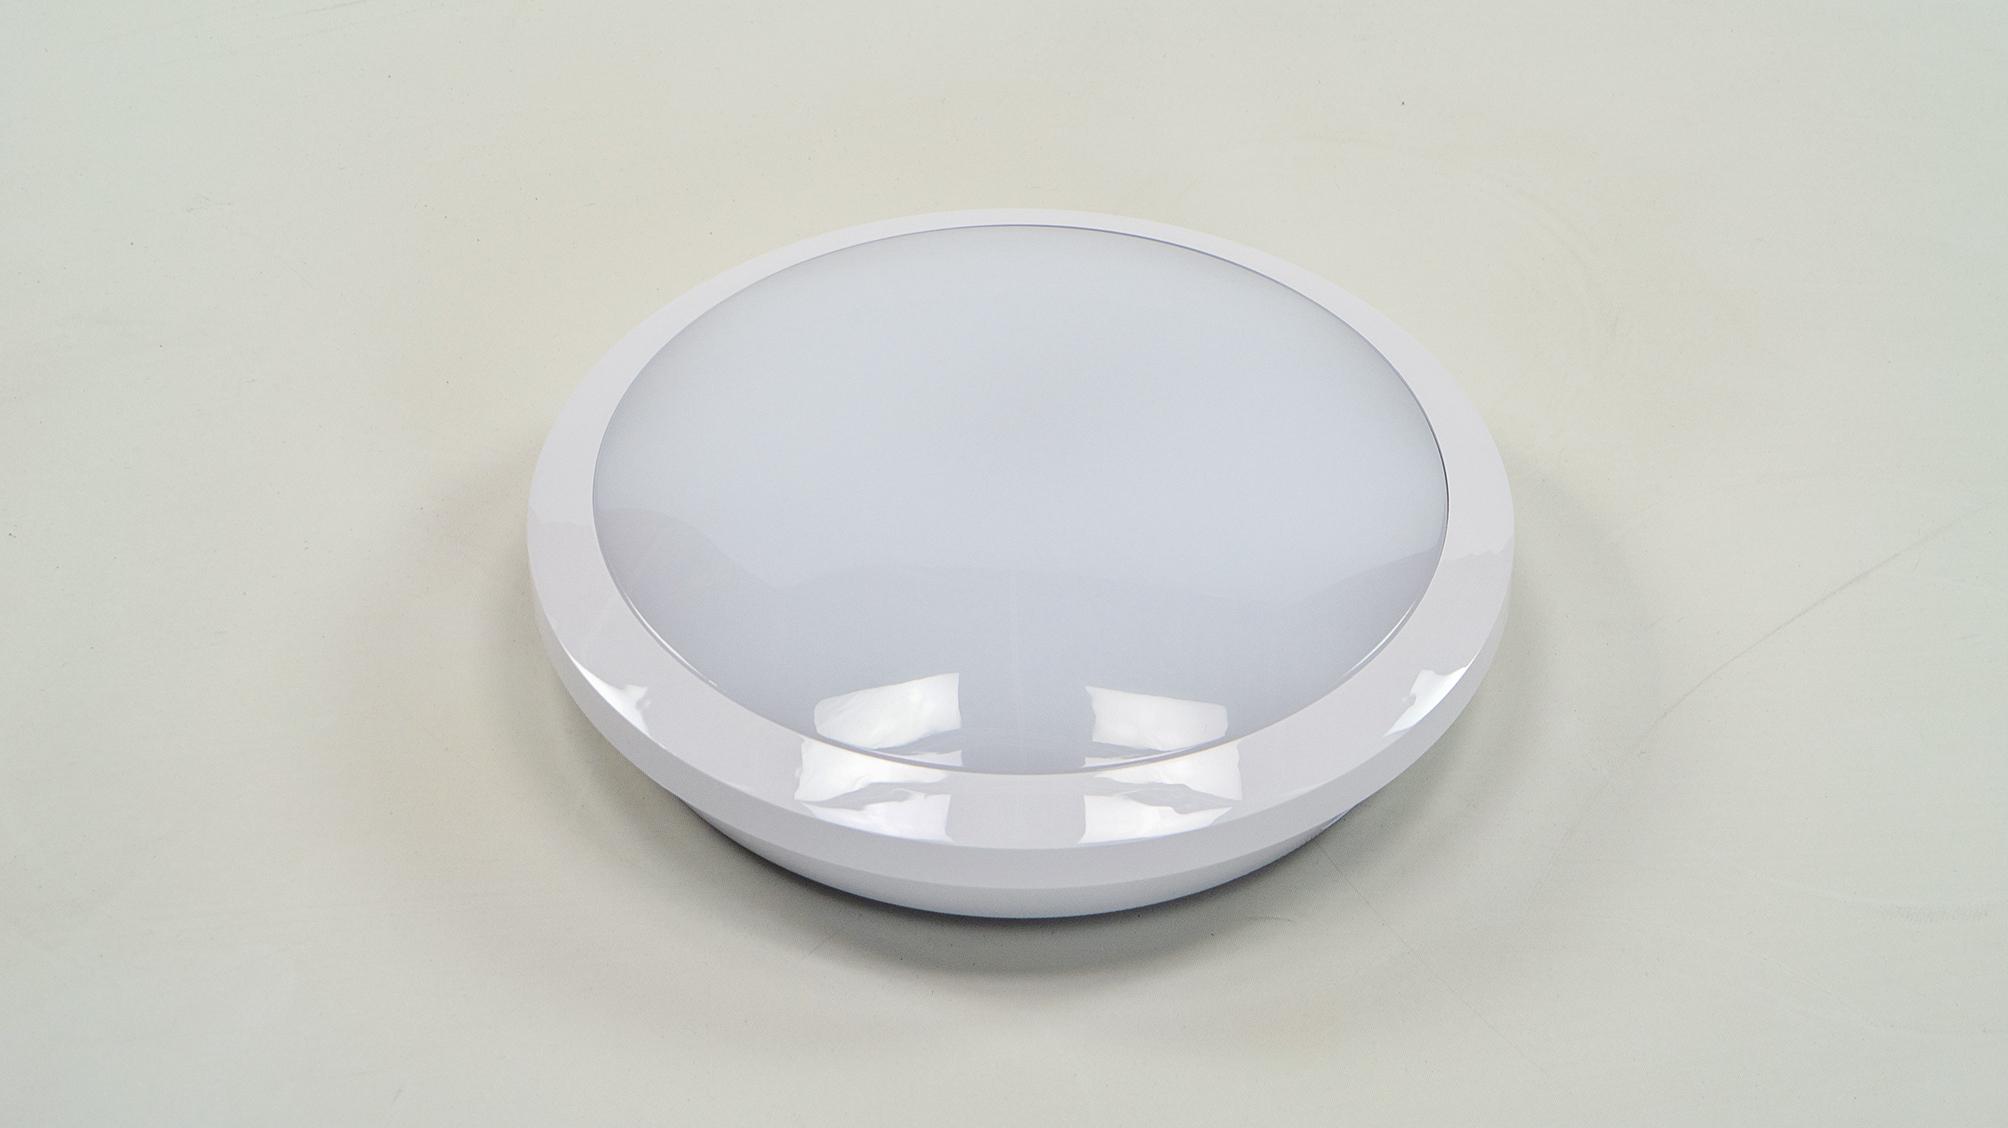 WELOOM BASIC LED BulkHead non-DIM 11/21W IP65+HFS
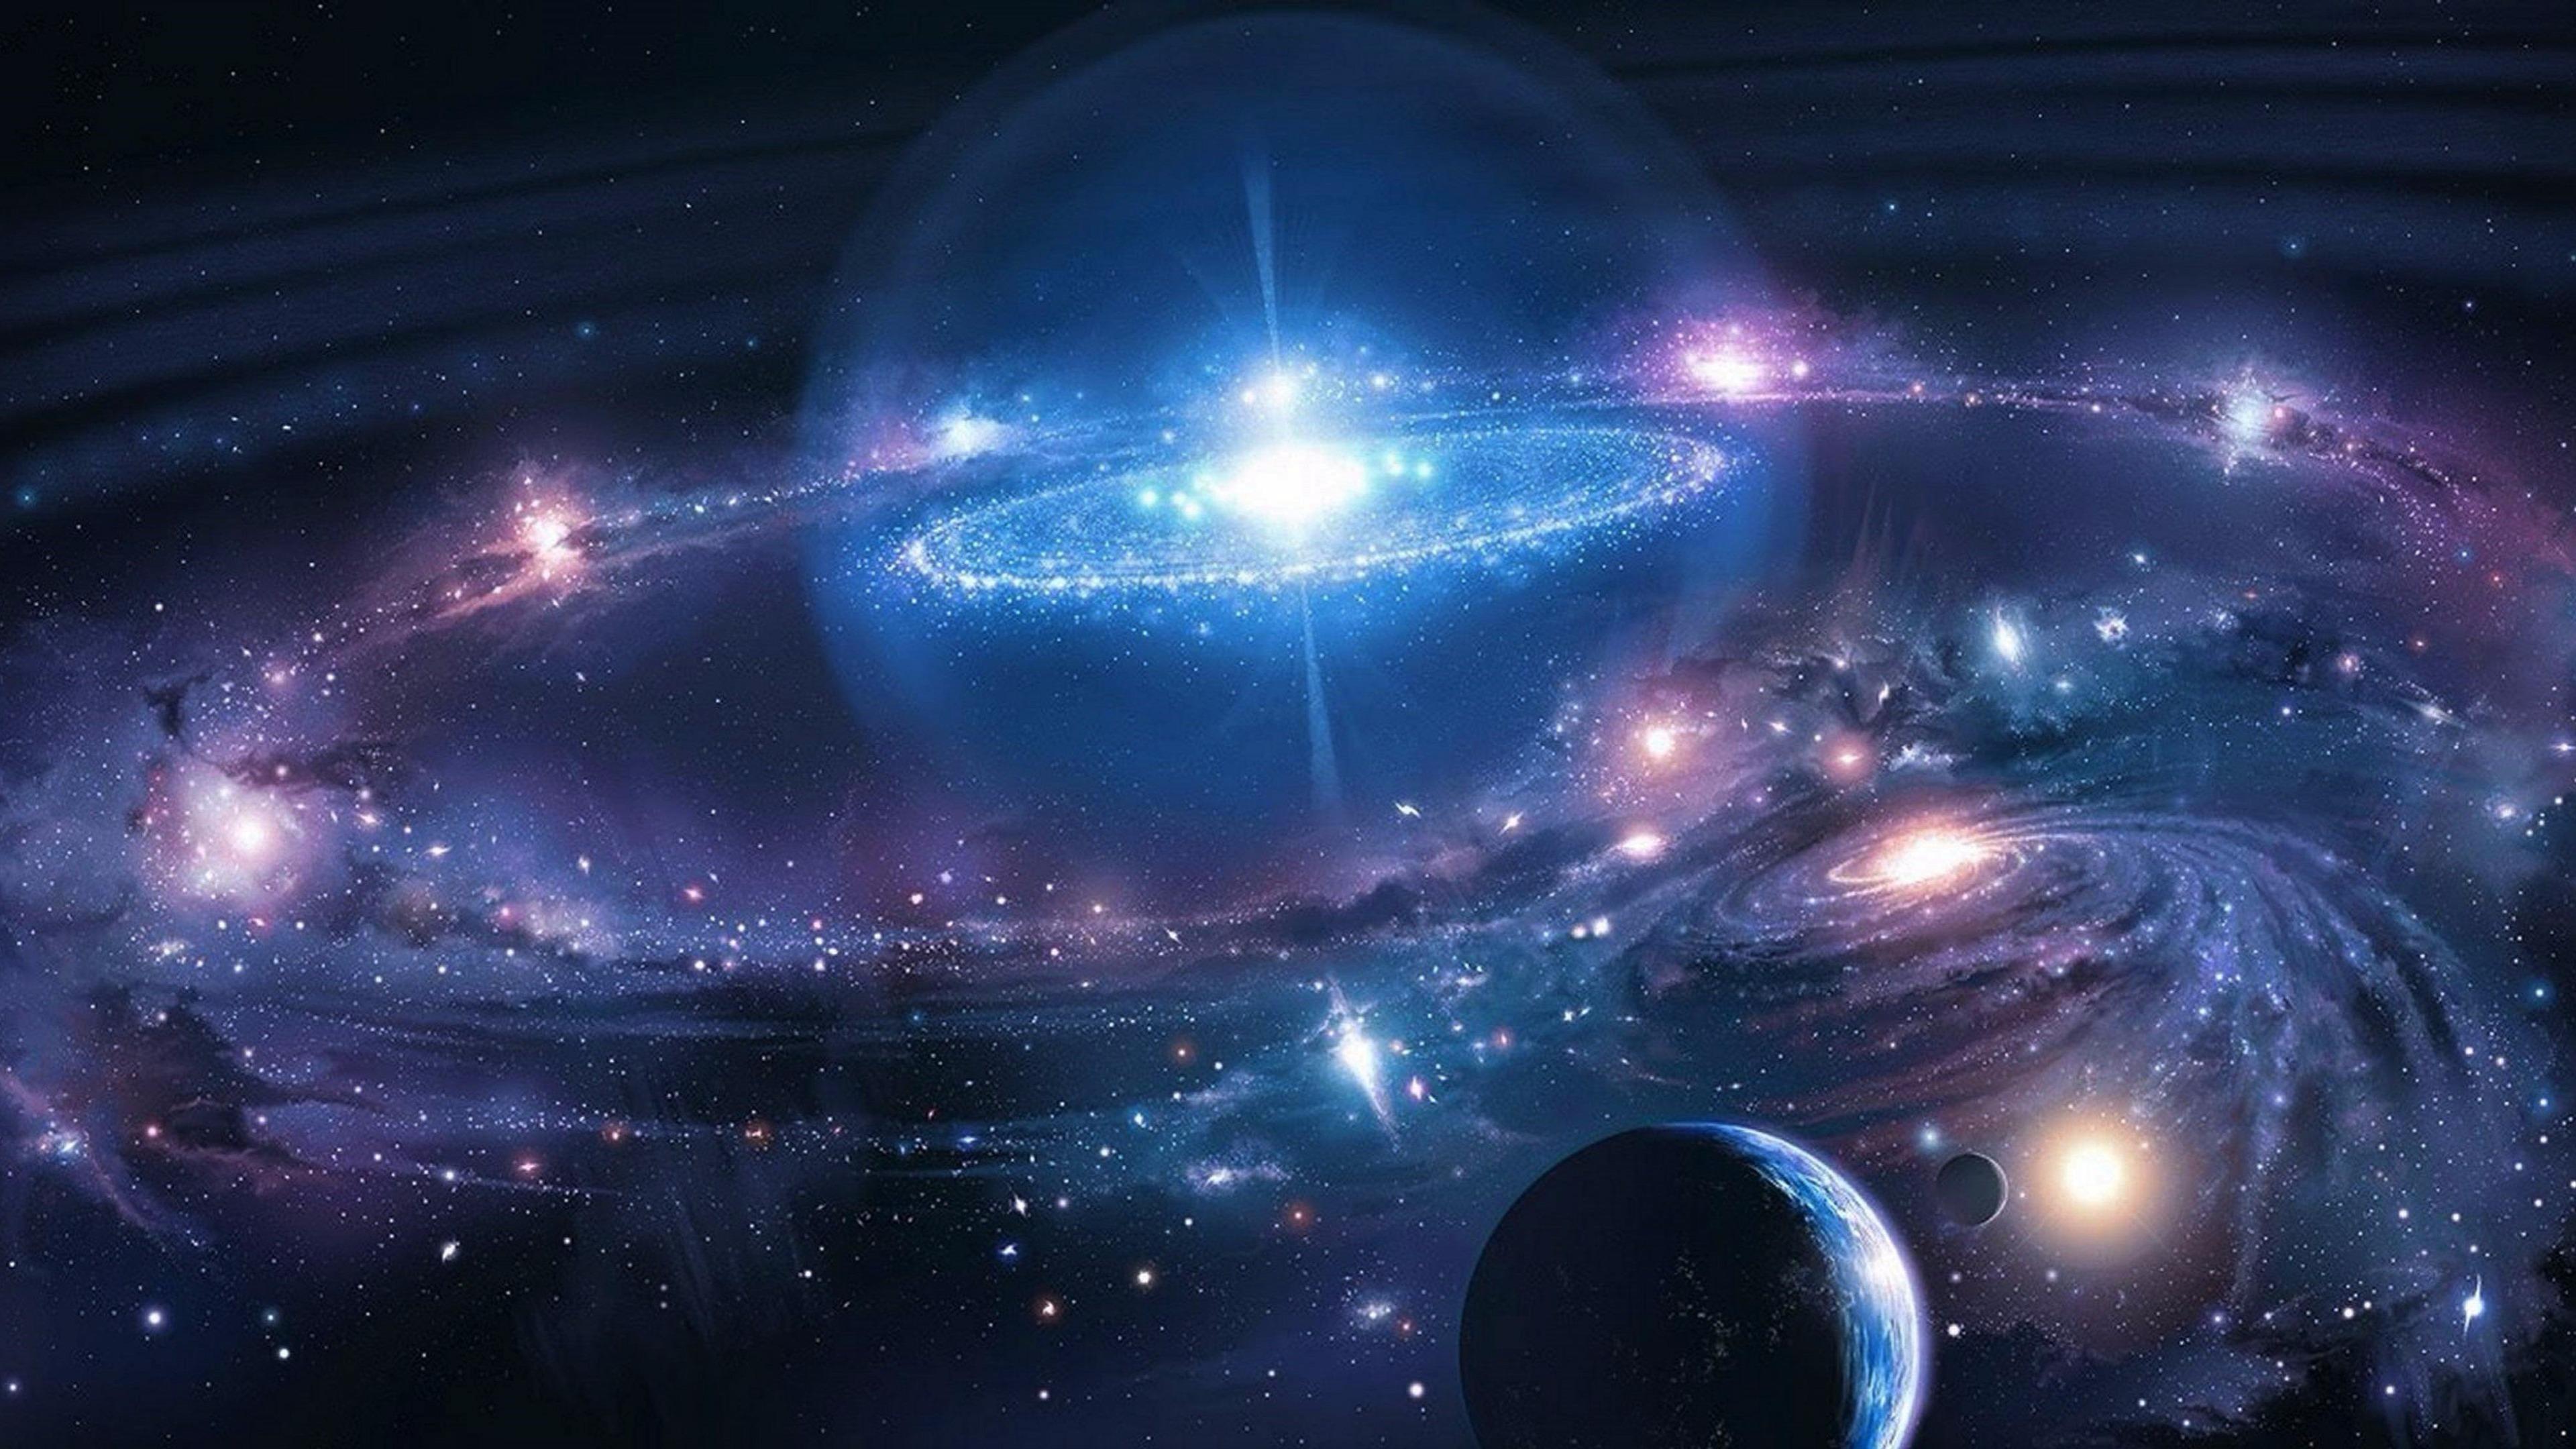 Hd Galaxy Wallpapers Top Free Hd Galaxy Backgrounds Wallpaperaccess
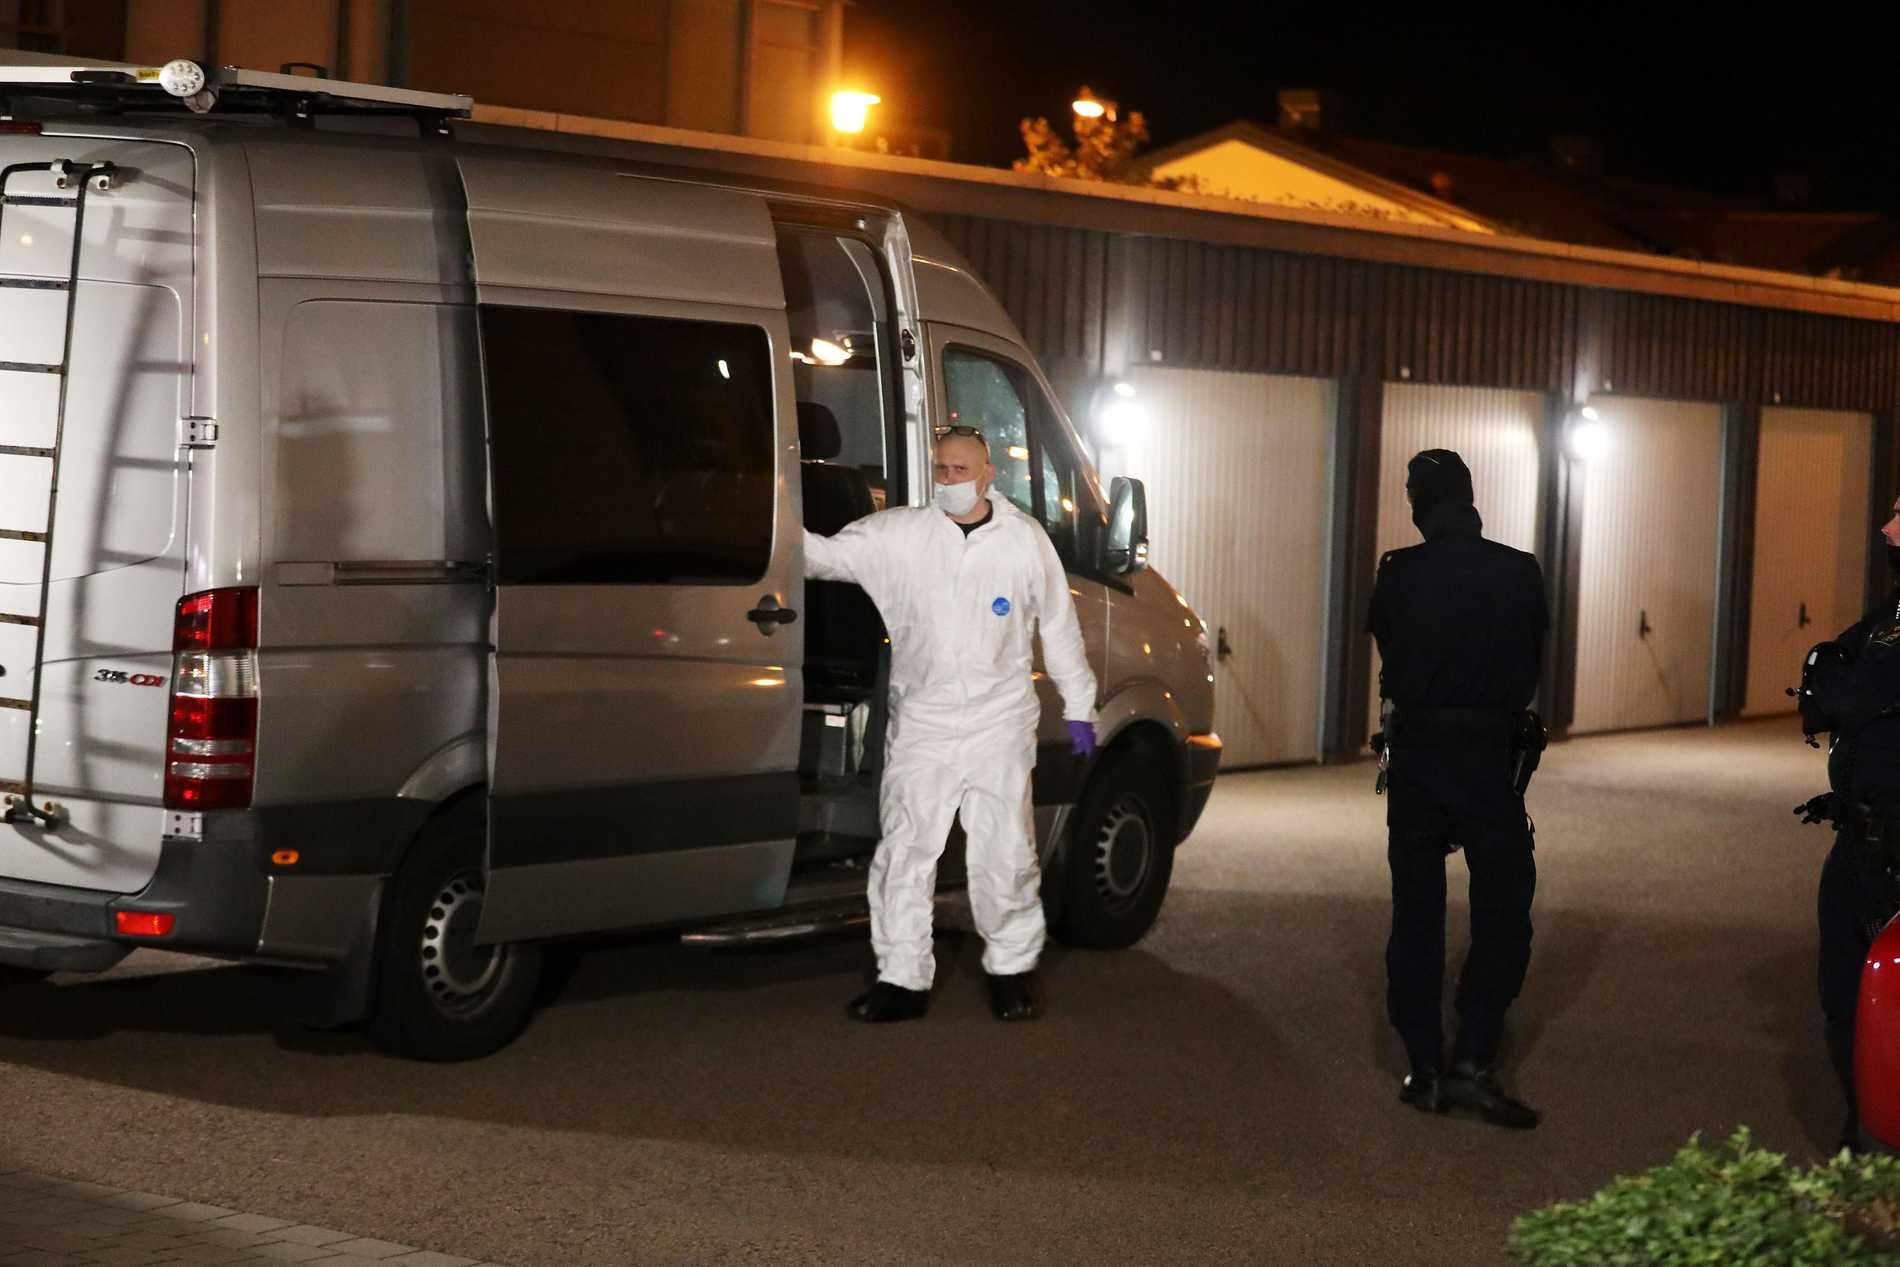 Dubbelmordet i Arlv: Polisen sker mjligt vittne | Aftonbladet

Activity: Output the material above word for word. Leave out its images.

Output of the task:
 WELOOM BASIC LED BulkHead non-DIM 11/21W IP65+HFS
 Hd Galaxy Wallpapers Top Free Hd Galaxy Backgrounds Wallpaperaccess
 Dubbelmordet i Arlv: Polisen sker mjligt vittne | Aftonbladet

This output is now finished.